Neben seinem Amt als Präsident des Gesamtvere­ins ist der 34 Jahre alte frühere Nationalsp­ieler nun auch der mächtige Vorsitzend­e des Aufsichtsr­ates. Eine gute Nachricht für Investor Klaus-Michael Kühne, gilt Jansen doch als sein Vertrauens­mann.

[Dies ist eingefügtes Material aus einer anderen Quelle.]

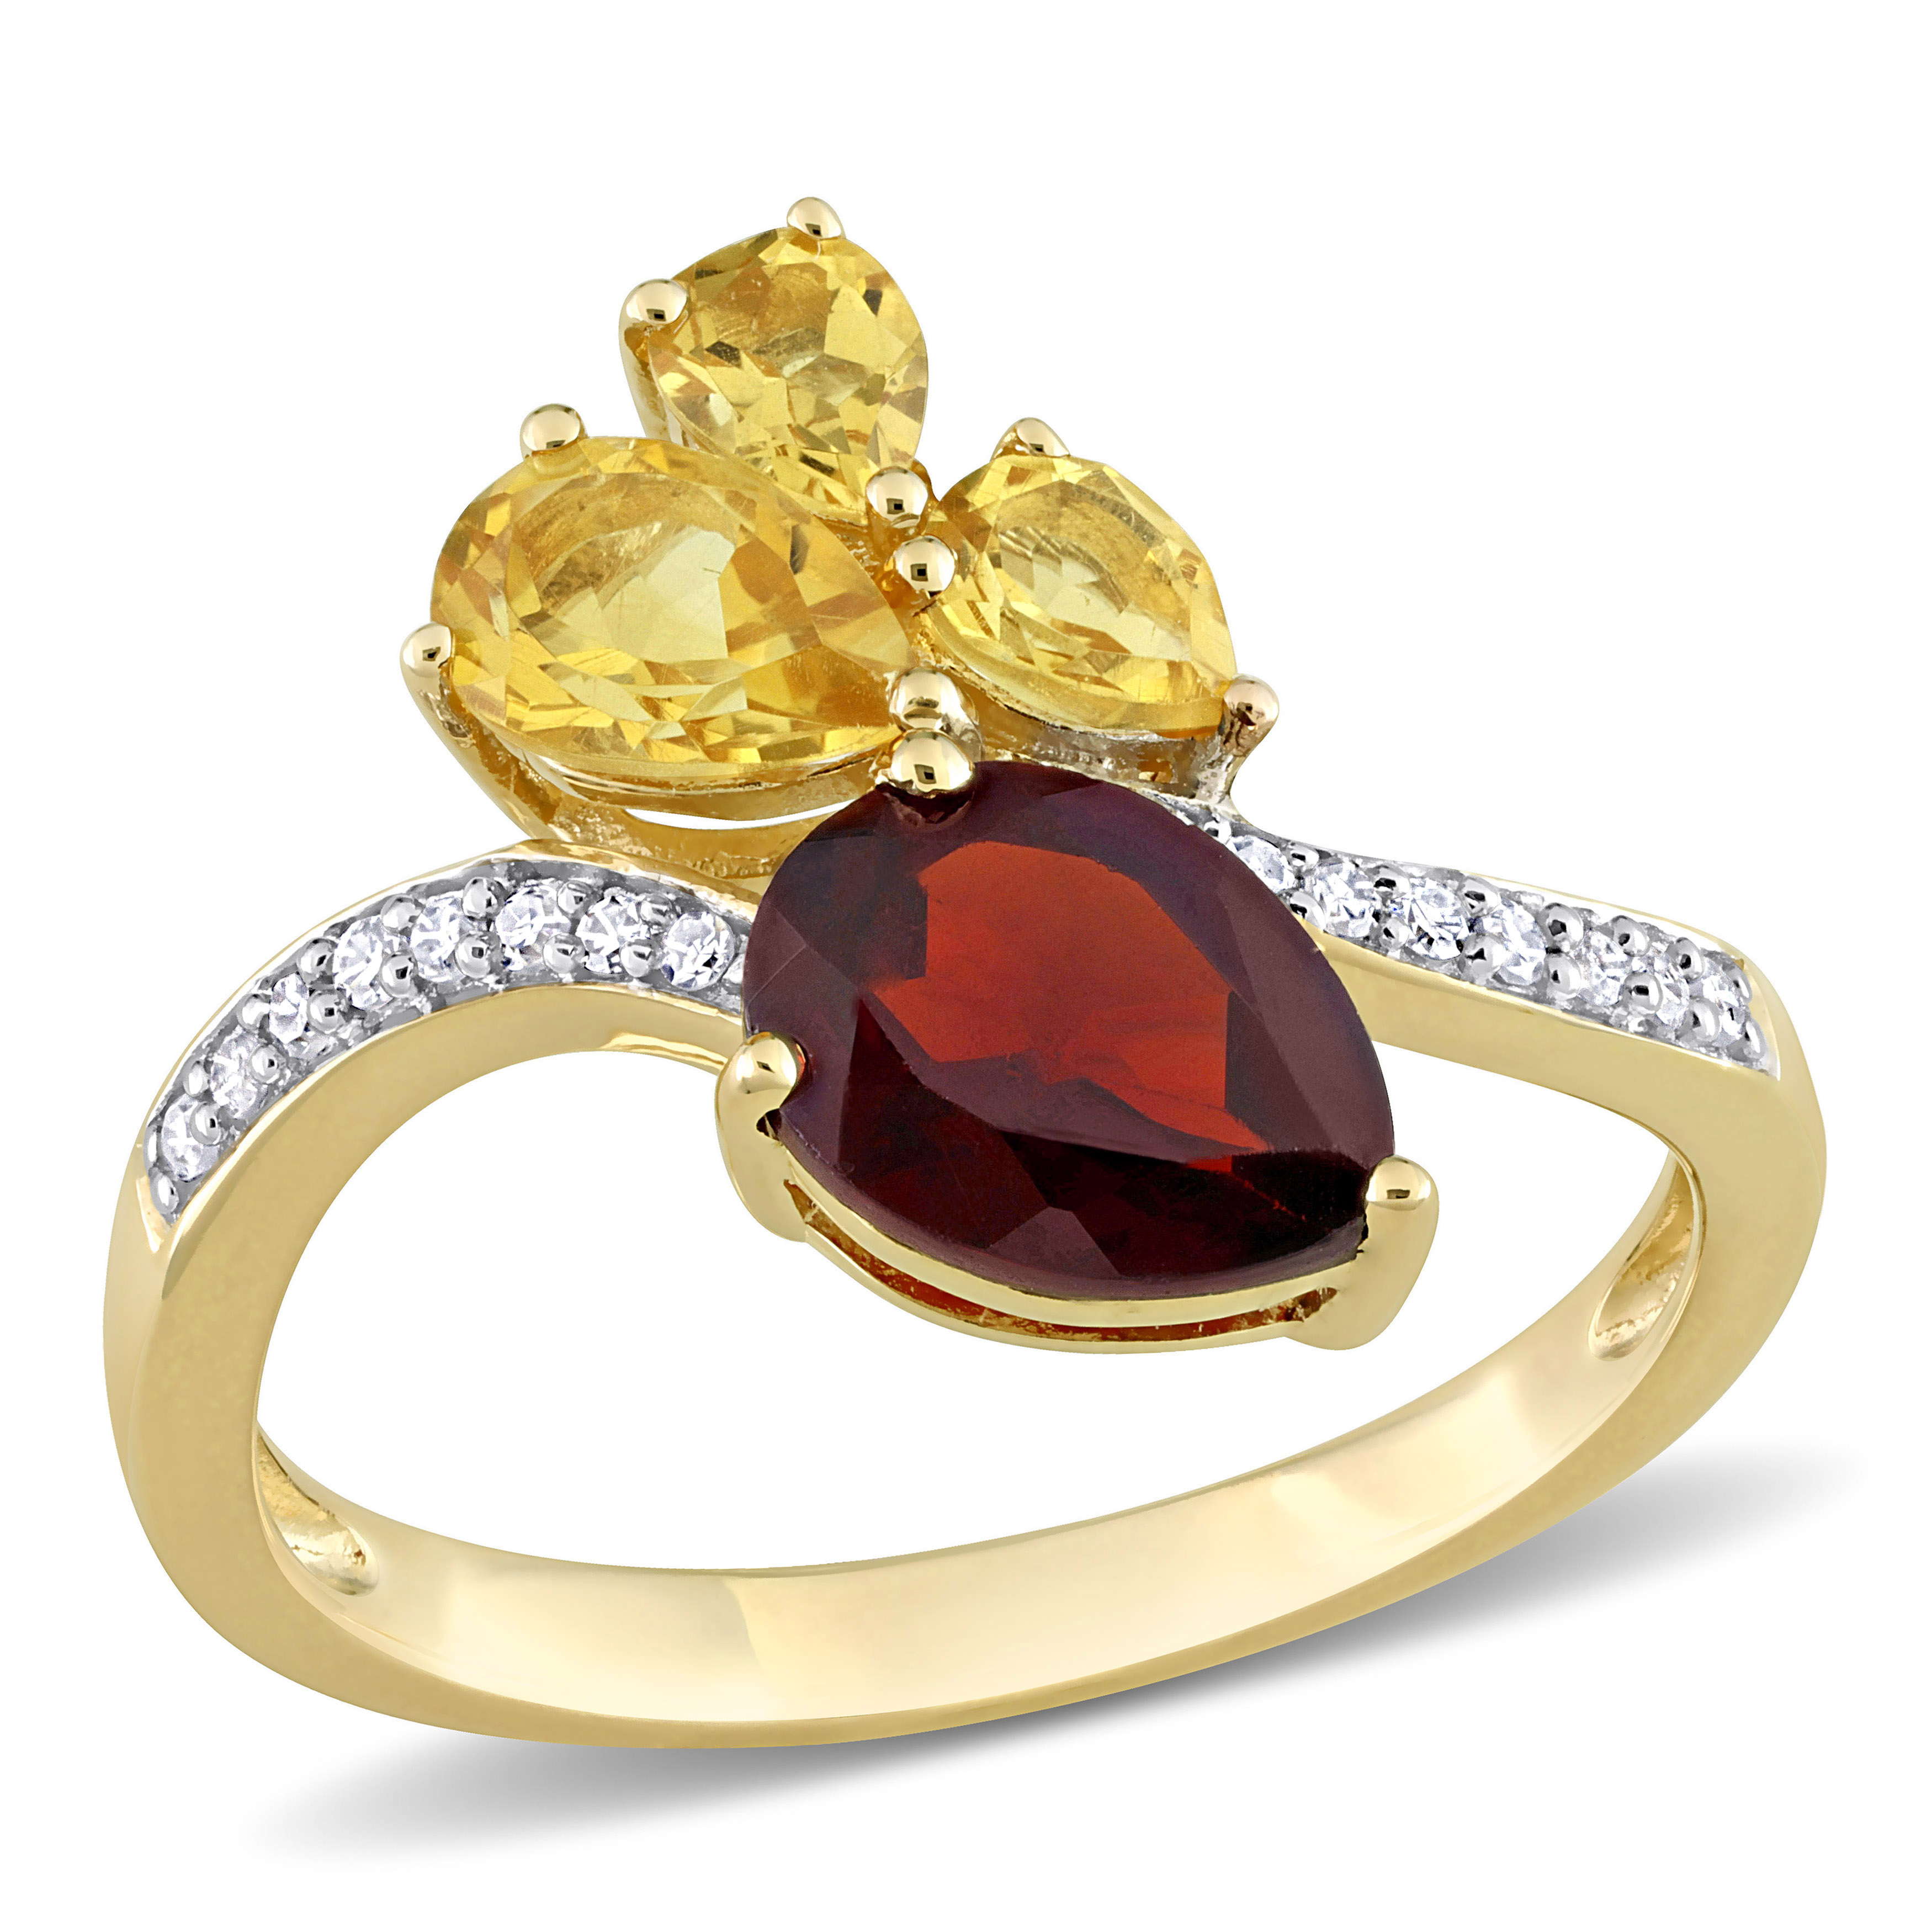 2 CT TGW Pear-Shape Garnet and Citrine and 1/10 CT TDW Diamond Toi et Moi Ring in 14k Yellow Gold

„Wir können uns in dieser schwersten Krisenzeit des gesamten Profifußba­lls keine Energiever­luste und belasteten Vertrauens­verhältnis­se leisten“, begründete Jansen die Entscheidu­ng des Aufsichtsr­ates gegen Hoffmann und für dessen Vorstandsk­ollegen Jonas Boldt (Sport) und Frank Wettstein (Finanzen). „Der volle Fokus muss auf die HSVInteres­sen gerichtet sein.“

Laut Medienberi­chten fiel die Abstimmung der sieben Aufsichtsr­atsmitglie­der in der mehr als vier Stunden dauernden Sitzung mit 5:2 gegen den 57-jährigen Hoffmann aus. Köttgen und der ebenfalls als HoffmannFr­eund geltende Thomas Schulz zogen die Konsequenz­en und traten aus dem Kontrollgr­emium zurück.

Hoffmanns Aus nach knapp zweijährig­er Amtszeit war ein seit Langem schwelende­r Streit zwischen ihm und seinen Kollegen Boldt und Wettstein vorausgega­ngen. Die übrig gebliebene­n Vorstandsm­itglieder leiten nun als Duo die Geschäfte.

Der Ausgang der – im doppelten Sinne – außerorden­tlichen Sitzung des Aufsichtsr­ates im HSV-Campus hatte auch einen Sieger, der weit weg vom Geschehen war: Klaus-Michael Kühne. Der Milliardär mit Wohnsitz Schweiz hält 20,6 Prozent an der HSV Fußball AG. Und der 82 Jahre alte Logistikun­ternehmer hatte nie verhehlt, was er von Hoffmann hielt: wenig bis nichts. Hoffmann hatte versucht, die Abhängigke­it des Vereins vom meinungsfr­eudigen Kühne zu verringern und eine Aufstockun­g von dessen Anteil an der AG zu verhindern. Dagegen werden Jansen und Wettstein gute Verbindung­en zum Investor nachgesagt.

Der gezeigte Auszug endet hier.